Cultura e Spettacoli

Stiamo combattendo una nuova Guerra fredda

Pubblichiamo, per gentile concessione dell'editore, la prefazione di Sergio Romano al libro Ritorno al futuro. La crisi dell’Europa dopo la Guerra Fredda di John J. Mearsheimer, curato da Roberto Vivaldelli e pubblicato dalla casa editrice La Vela

Stiamo combattendo una nuova Guerra fredda

Nel testo originale di Back to the Future Mearsheimer aveva previsto che il contemporaneo ritiro dall’Europa delle forze americane e sovietiche, dopo la fine della Guerra Fredda, avrebbe avuto per effetto un’Europa instabile. Nella sua nuova prefazione riconosce che la previsione non si è avverata e che l’Europa ha goduto, tutto sommato, di una complessiva stabilità, ma aggiunge che il ritiro delle truppe americane non ha avuto luogo e che sono rimaste in Europa perché vi furono trattenute dai membri europei dell’Alleanza.

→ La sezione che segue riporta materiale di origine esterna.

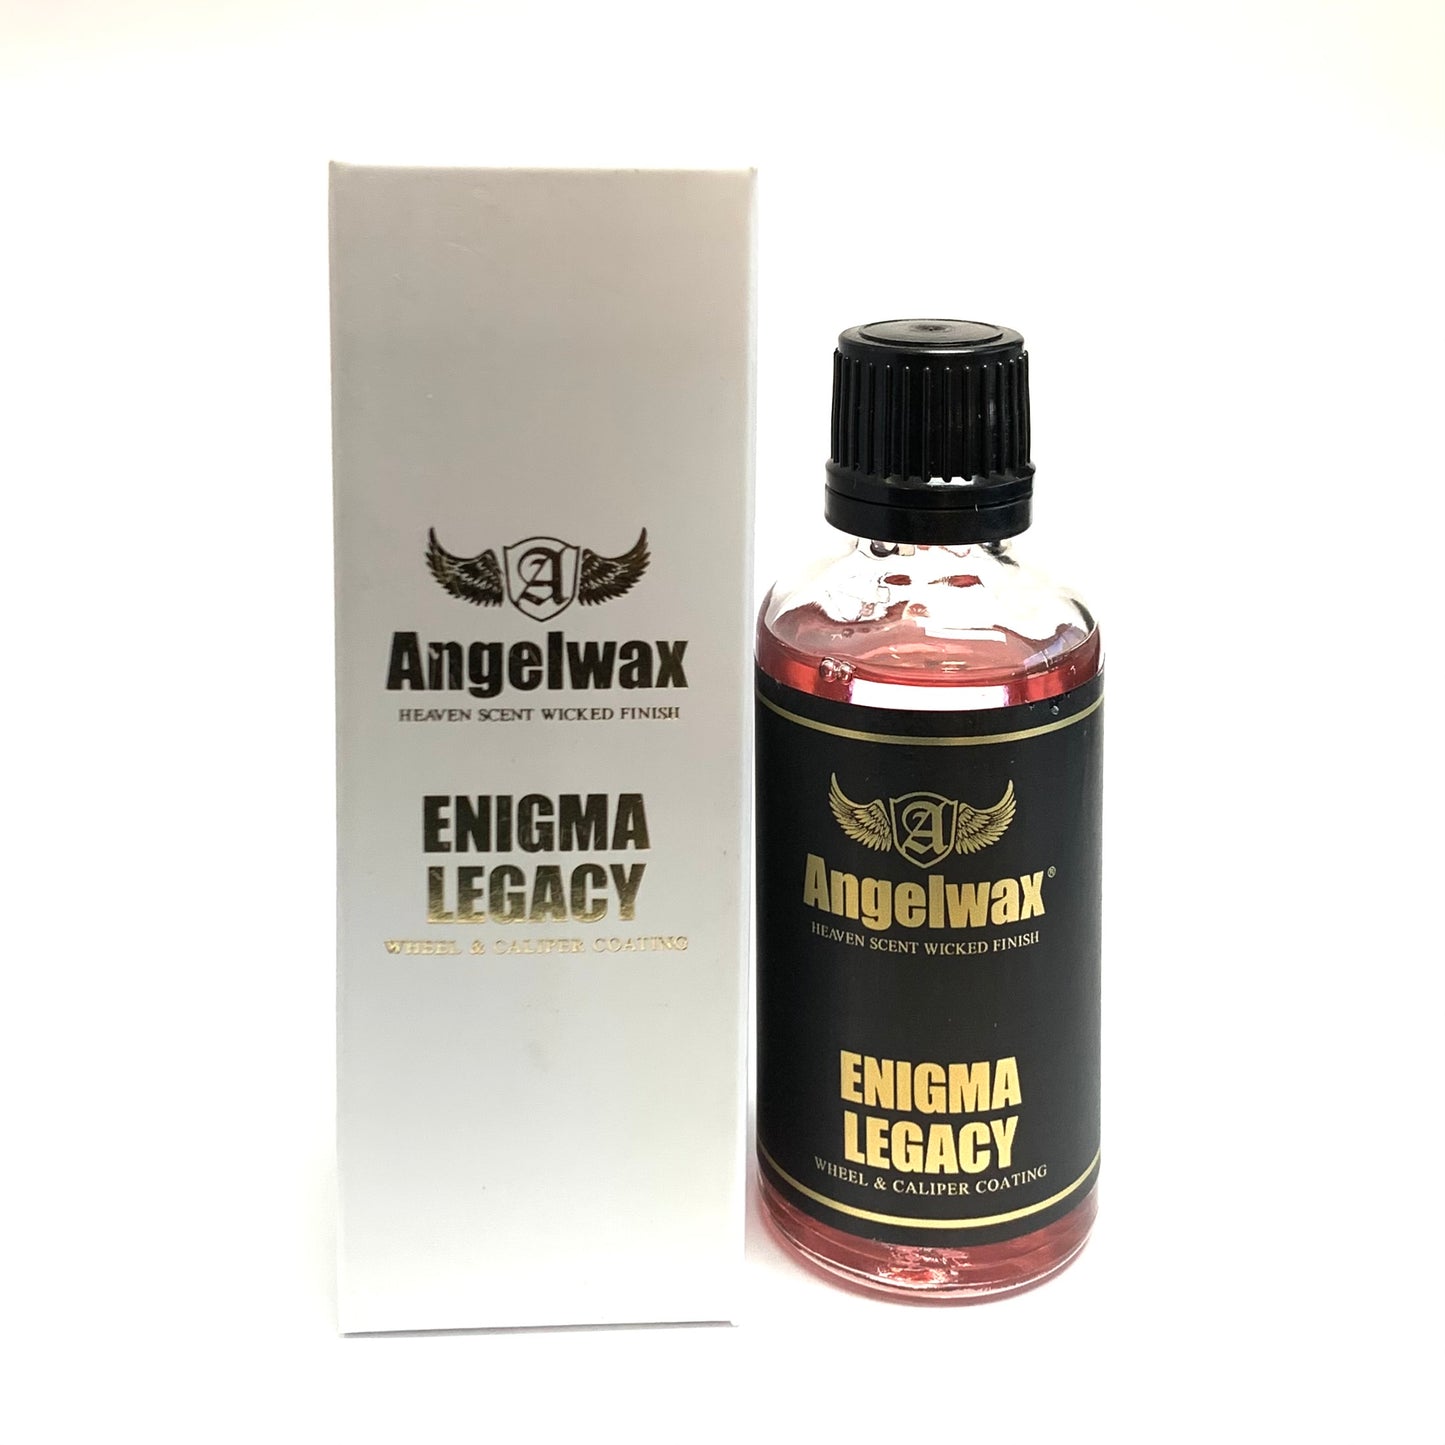 Angwelwax Enigma Legacy Wheel & Caliper Coating
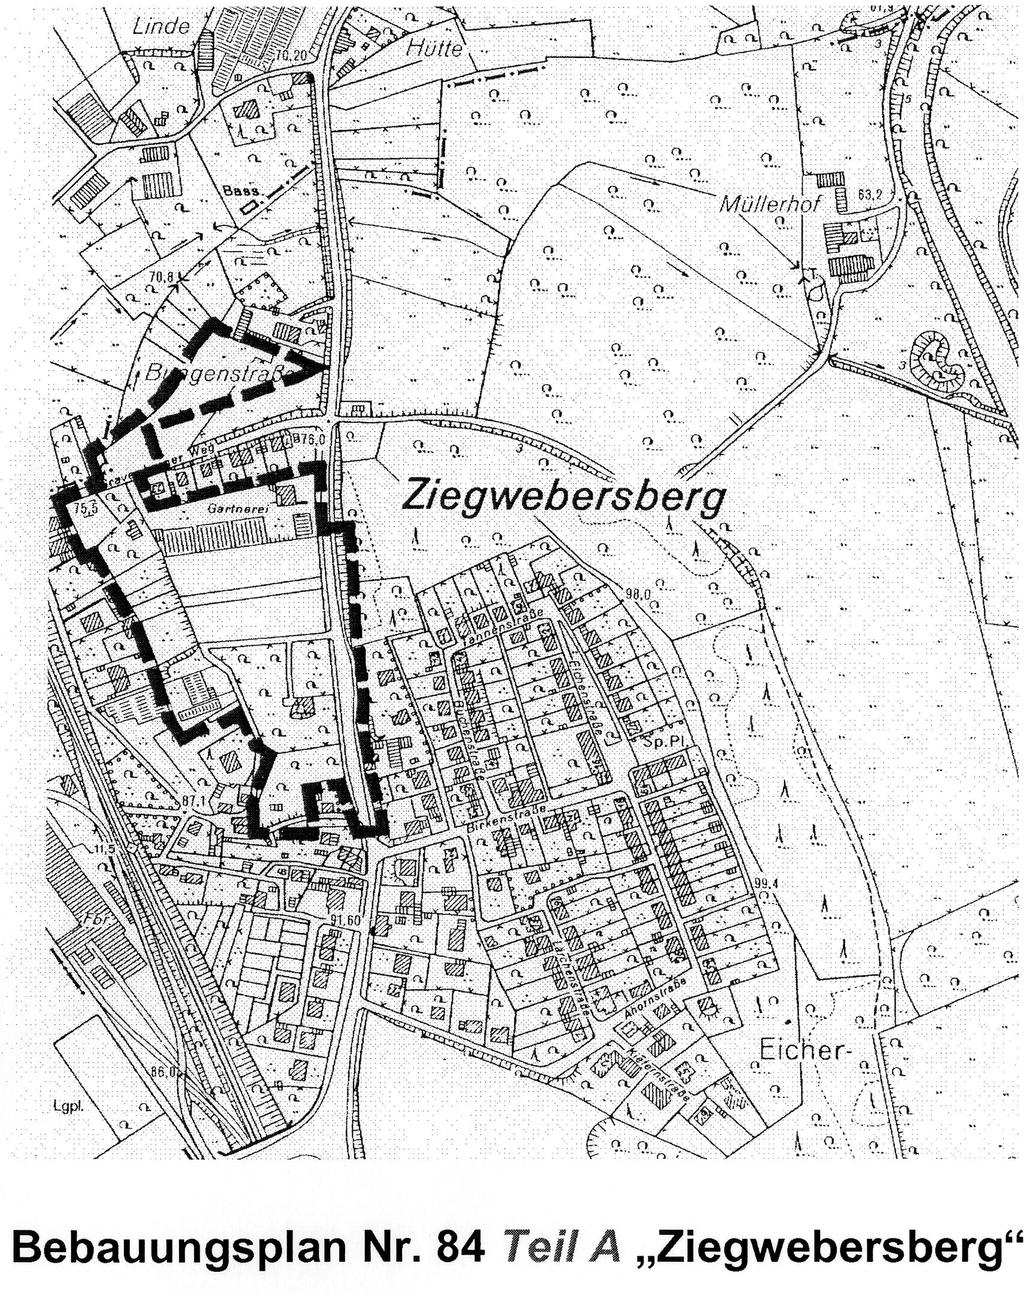 44 109 Öffentliche Bekanntmachung über die Satzung der Stadt Leichlingen vom 24.05.2007 zum Bebauungsplan Nr.

Vi fu effettivamente un momento in cui politici, studiosi e giornalisti americani si chiesero se la fine della Guerra Fredda non giustificasse anche la fine di una organizzazione che era nata per fare la guerra a un potenziale nemico. Ma gli Alleati europei, come ricorda Mearsheimer, non sembravano interessati alla partenza delle truppe americane, e al vertice atlantico di Pratica di Mare, nel luglio del 2002, fu addirittura deciso che Nato e Russia avrebbero formato una sorta di partenariato. In quel momento pensai che la Nato avrebbe smesso di essere l’organizzazione militare delle democrazie occidentali e sarebbe diventata l’organizzazione per la sicurezza collettiva di una grande zona euro-asiatica dall’Atlantico agli Urali. Commisi anch’io un errore di previsione. Allora non avevo capito che gli Stati Uniti credevano di aver vinto la Guerra Fredda e ritenevano di poter comportarsi da vincitori. Esisteva certamente uno sconfitto (il comunismo), ma la Russia, dopo aver superato una minacciosa crisi istituzionale, avrebbe aspirato a riconquistare almeno in parte lo spazio e il ruolo che aveva avuto quando era “Unione delle Repubbliche Socialiste e Sovietiche”: un’aspirazione che mi sembrò naturale e legittima. Tuttavia, l’operazione militare contro la Jugoslavia, nella primavera del 1999, dimostrò che gli Stati Uniti non avrebbero rinunciato a intervenire militarmente nelle vicende europee senza tener conto degli interessi russi in Serbia e nel Kosovo.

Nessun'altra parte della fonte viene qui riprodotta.